We placed each other where he told us. My mom and Tamara wait behind the photographer since this is the photo with my friends. Before he can snap photos the photographer opens his mouth.
"Ugh, can you hide this...?" He points towards my obvious growing bump. My friends and my mom watch back in fury and disgust.
"Hey, what's wrong with you sir?! They just want to take a picture why should he have to hide the fact he is indeed pregnant?" My mom yells.
Everyone looks back at us horrified by what they just heard. The photographer's eyes go wide open and his jaw drops. He ignores my mom and does his job of snapping pictures.
After this whole thing, everyone stopped looking at us. The photographer doesn't speak again except to tell us to put each other in certain positions so the picture would turn out better.
In the end, I took a photo with my 3 friends, one with Brooke and another one with Ben. Surprisingly Kean wanted one with me too.
Then I took one with my mom and the last one with my sister and my mom.

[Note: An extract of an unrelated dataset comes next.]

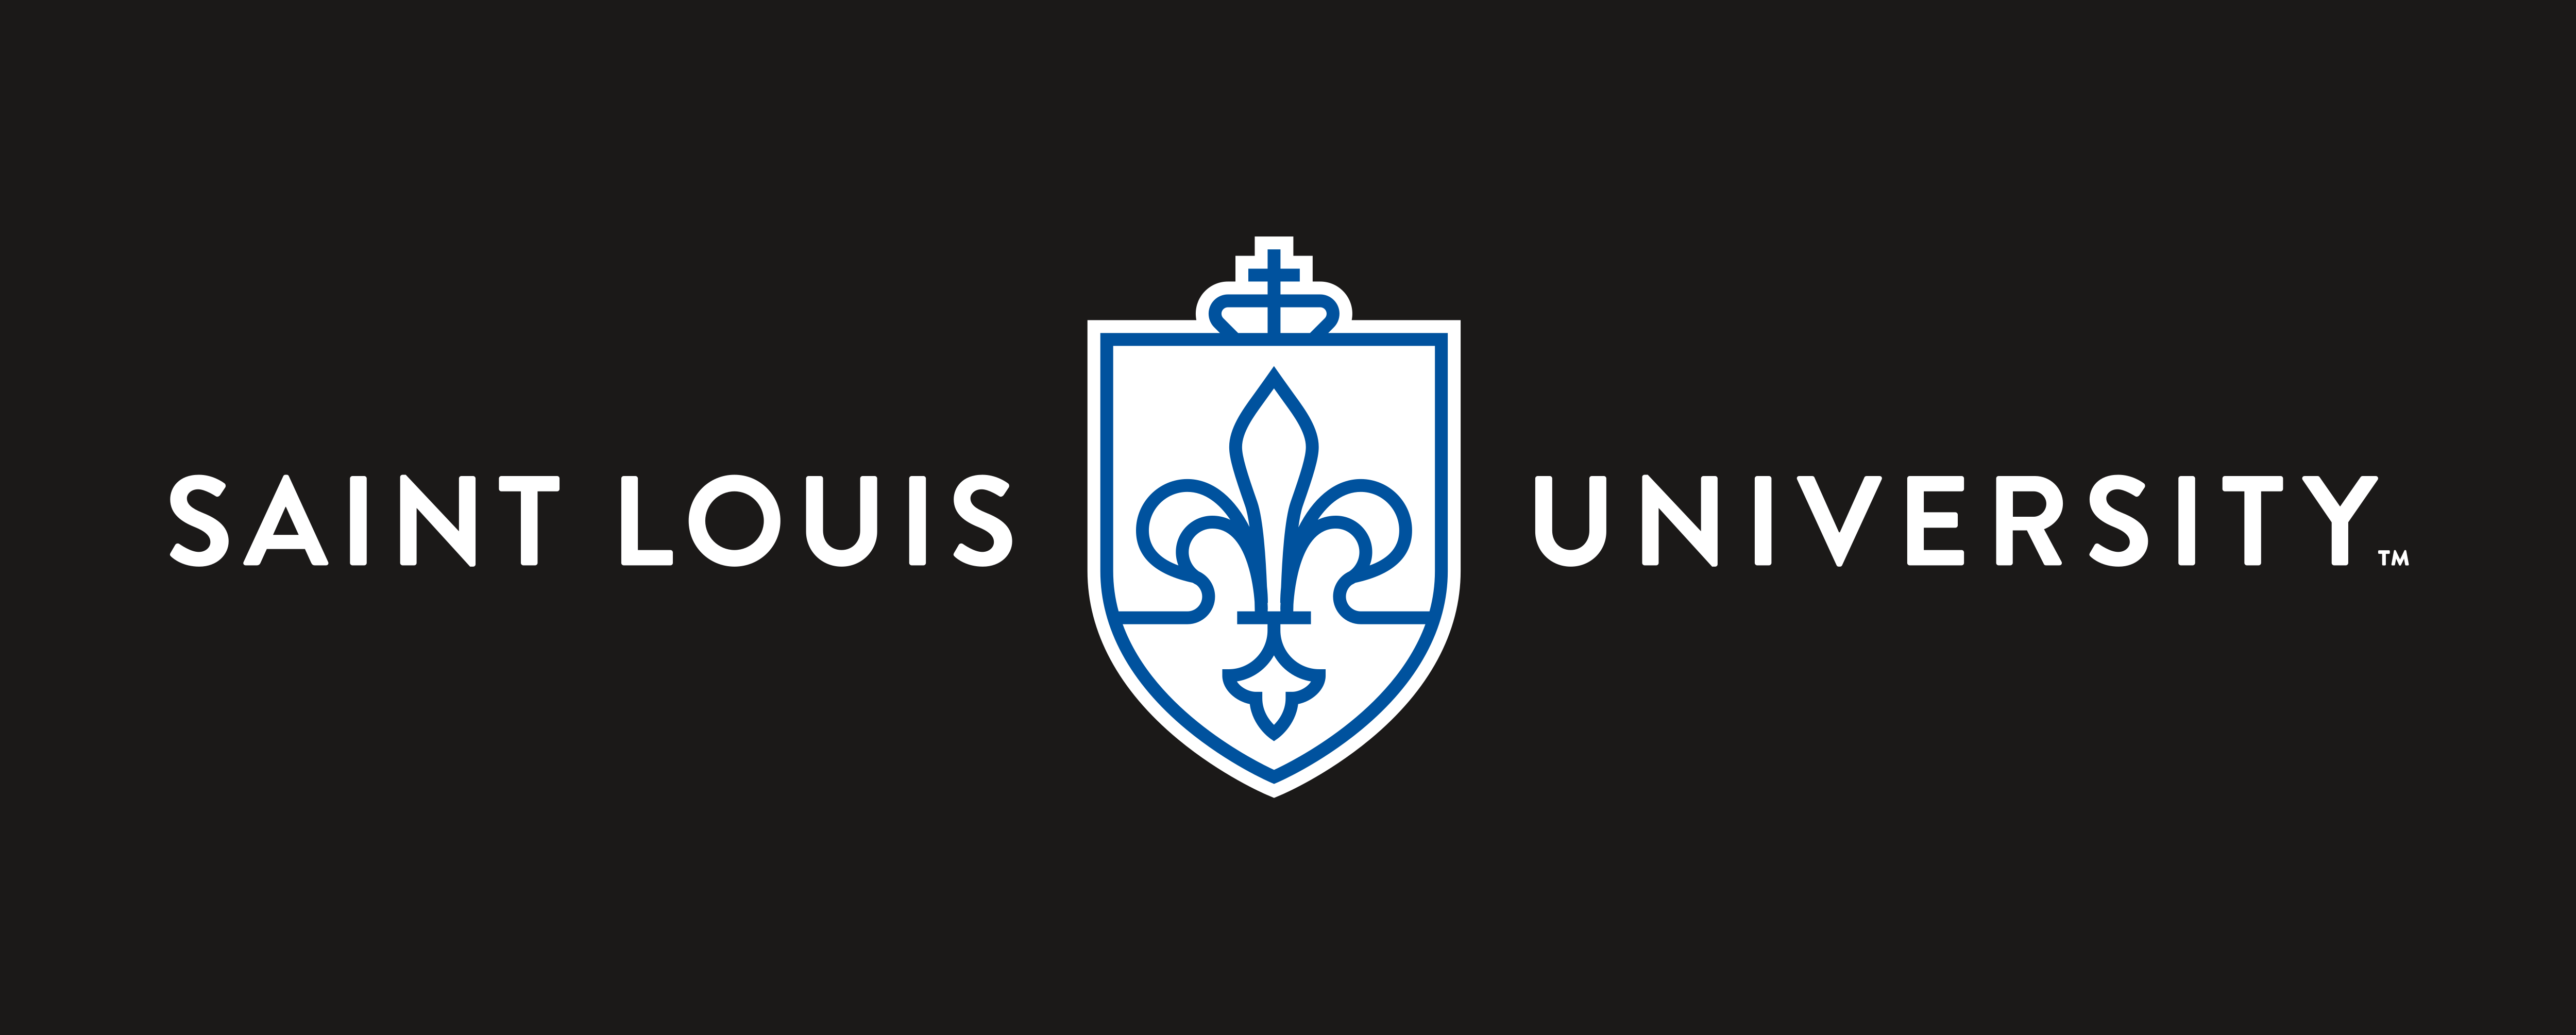 Saint Louis University – Logos Download

After that, we chatted some more. We eat the rest of the goodies that are on the table.
Regardless, I haven't actually talked about what I will do after graduation right?
Haha...well obviously my dream of becoming a teacher will have to wait because in only a few short months I'll be raising a child as a single dad.
Obviously, I can't go to college next year though I promised my mom I would go the year after. Which is totally fine by me. I really don't know what will happen in the next few months but all I know is that it's gonna be a roller coaster.